One continuously grief intensely, psychological and emotional is in distress that leads to impairment of occupational and social ability. It is different from adaptive grief and will attenuate with time, adversely complicated grief may lead to other problems like suicidal ideation and behaviour, sleep disturbance, disruption in daily activities, and increased substance use.
Some go to the extent of developing other mental disorders like heightened panic or bipolar disorder. This article provides clarification between adaptive grief and complicated grief, giving suggestion on how to diagnose and craft treatment plan for client with complicated grief.
Clinician needs to understand the difference between adaptive and complicated grief. Client with complicated grief will need more time to collaborate as one social and psychological function is impaired. Therefore, empathize with unconditional positive regard cum understanding will help in building therapeutic alliance with client.
Clinician needs to check in with client on suicide ideation. If the deceased is caused by other party, then clinician need to check in at homicide intention too. A contract of suicide and homicide need to be secure if both are denied at the time of counseling; with phone contacts given to the client in case they are in emergency and can’t share their suicide ideation or homicide intention.
Assess client whether have the following criteria such as prolong grief meet time length to qualify for complicated grief if persists for at least six months; powerful yearning to reconnect with the deceased; inability to accept the death of deceased, aimless about life and can’t move forward in creating own life. Client is confused, distrust others, apathy, shock, bitterness or anger surrounding the loss.

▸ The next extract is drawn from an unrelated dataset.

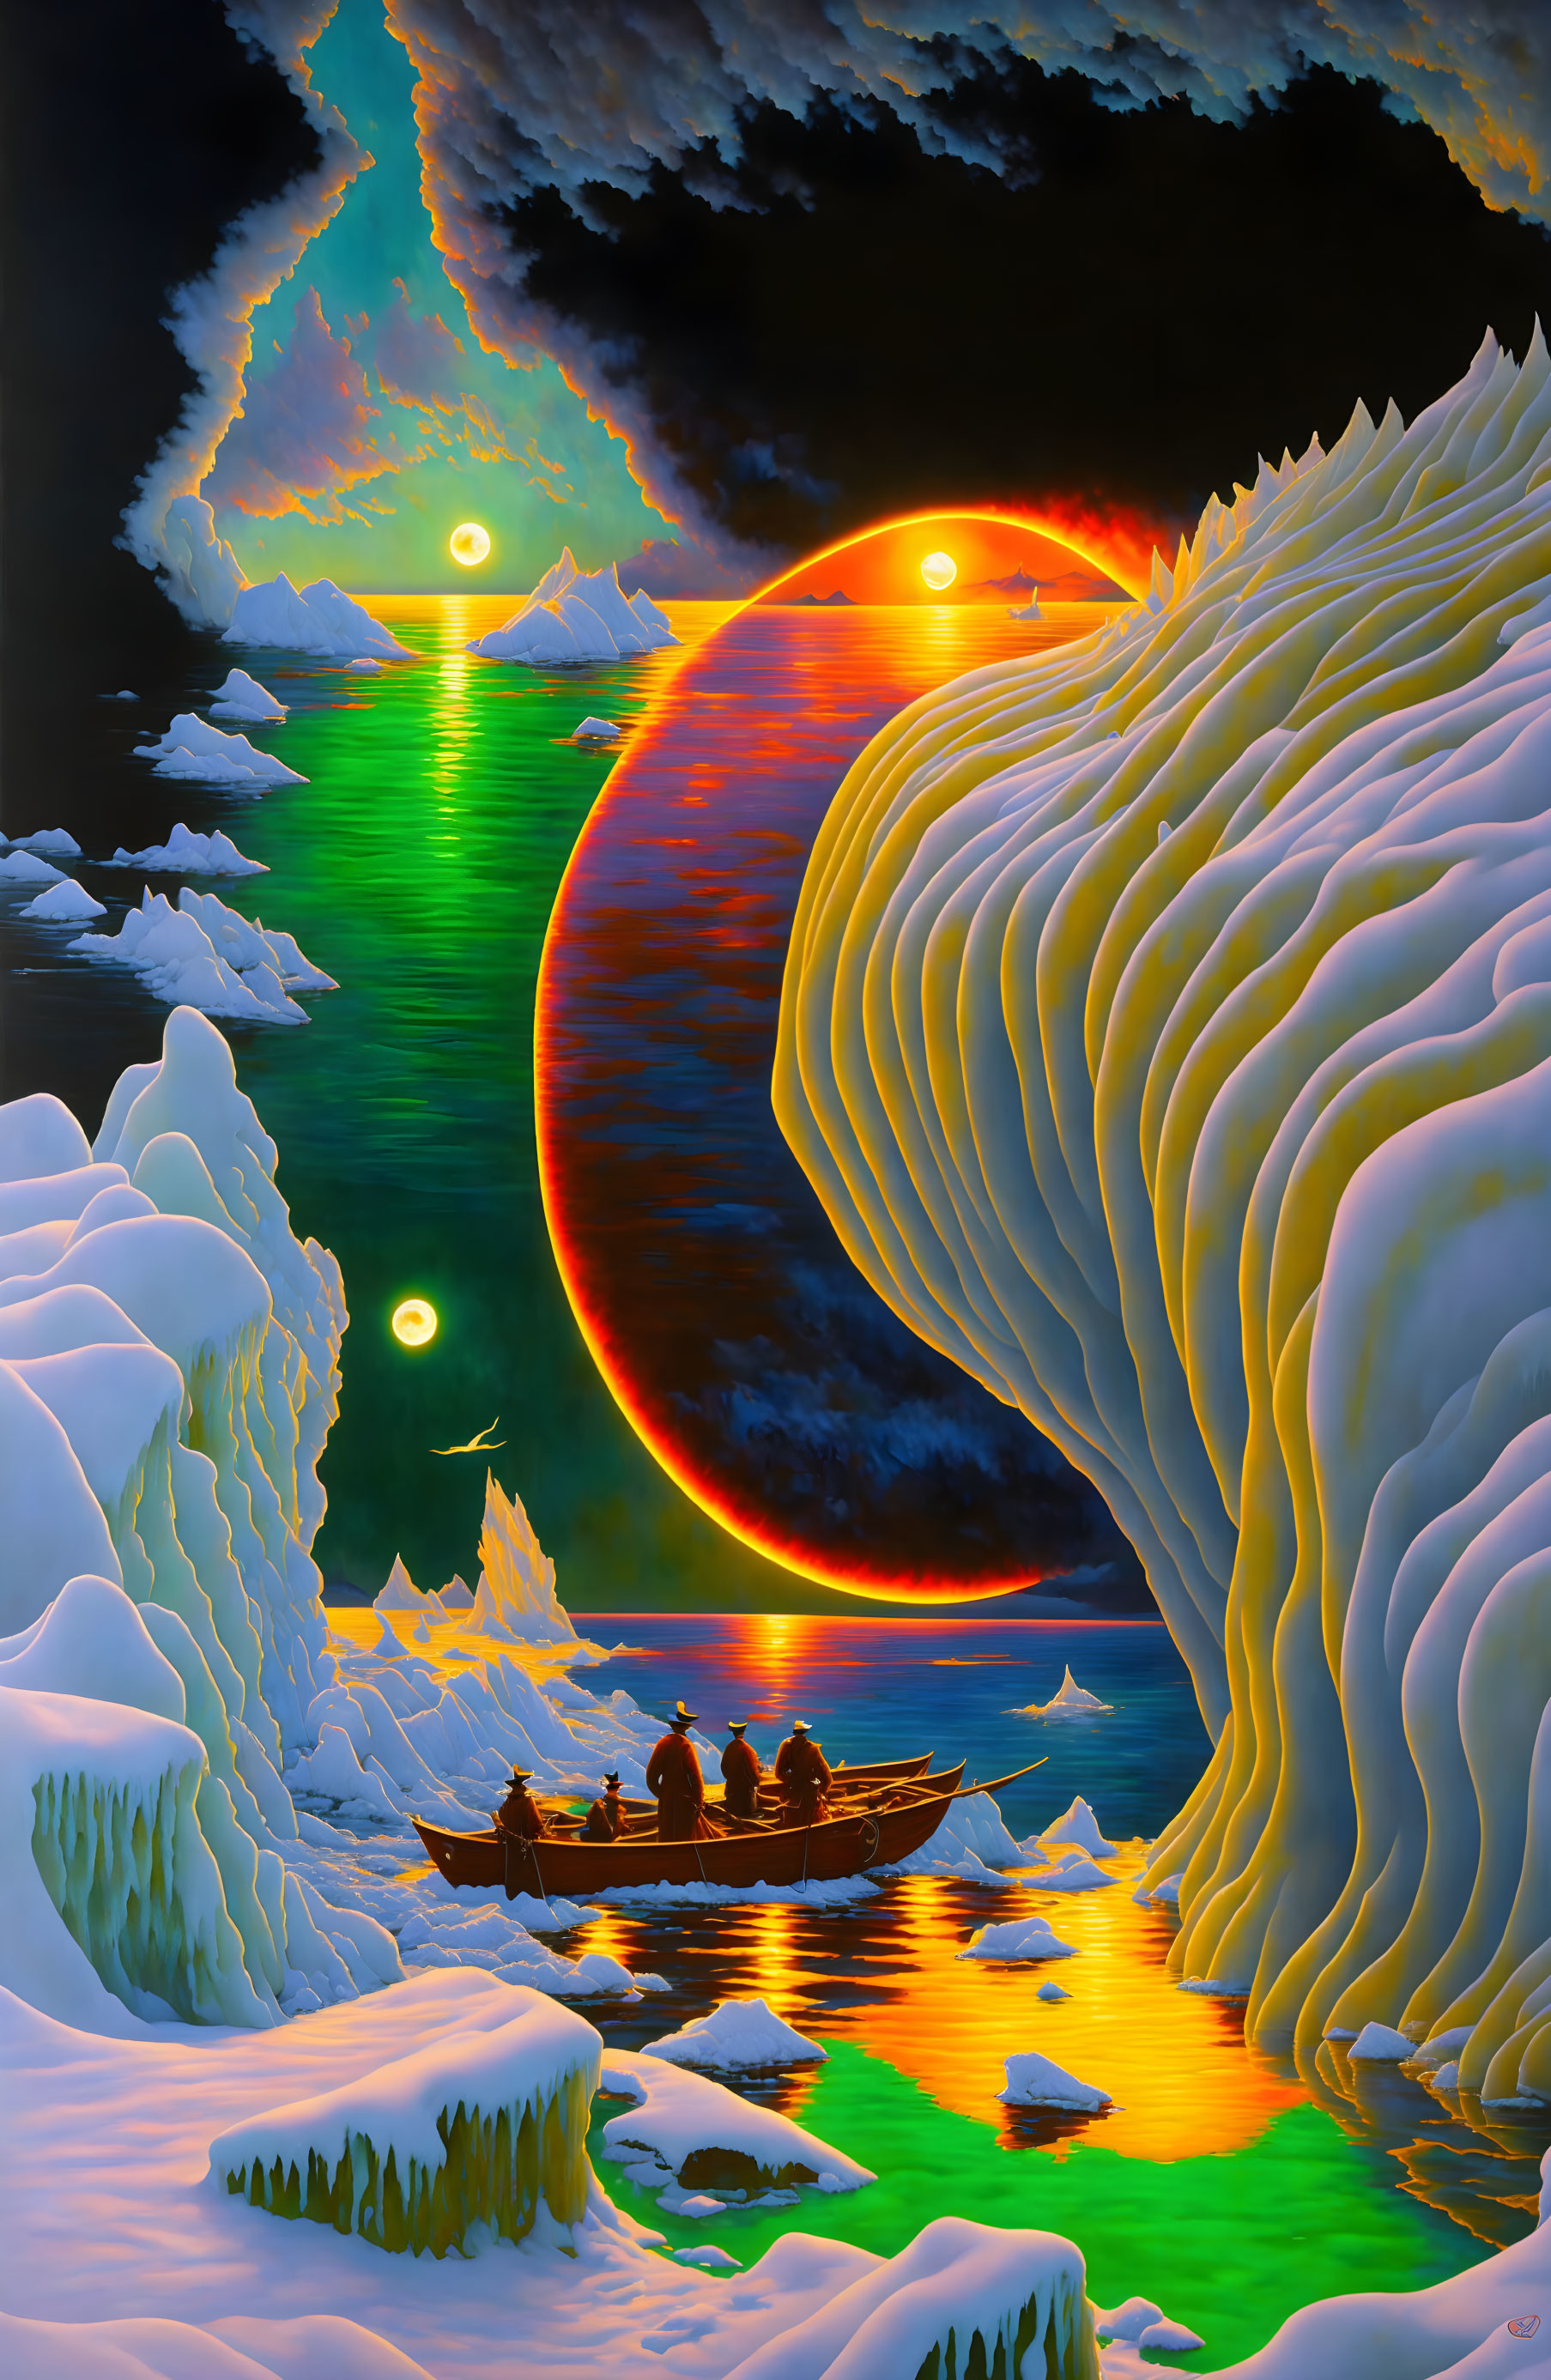 Colorful painting of small boat in icy terrain under eclipse with multiple suns

Counsellor can use assessment tools to ascertain client’s level of complicated grief. Besides this, a few treatment skills are suggested for counsellor to use. First skill that was mentioned is Imaginal Revisiting which is similar to prolonged exposure, where bereave client tell the story of deceased and face up with aspects of event that prevent one from accepting the lost, counselor process and reflect with client and working at accepting the present and make plans for future.
Second skill, Imaginal Conversation is a figurative dialogue between the griever and the deceased loved ones with intention to process issues that ignite guilt or inconclusive relationship with the deceased and followed by Emotional Memory Work where the bereave will attend to both positive and negative memories of the deceased loved ones and will also review future planning, life goals and ignite meaningful relationships.
Utilizing Cognitive Behavior Therapy to help client with complicated grief by using technique of exposure; such as talk and write down prevent thought, painful emotion and stop visiting places which will trigger memory. The other tool is cognitive reframing the events, thoughts and meaning so bereave client can move forward from complicated grief stages and eventually to adaptive grief.
Counselors should go through training so one can recognize between common grief and complicated grief and provide appropriate treatment for their bereaved clients. The paper further emphasizes that counselor educators should bring everybody attention to the symptoms of complicated grief and guide them to use appropriate screening and assessment instruments. This research paper enlightened and motivated me to learn and look for suitable assessment tools that can be used when working with bereaved client.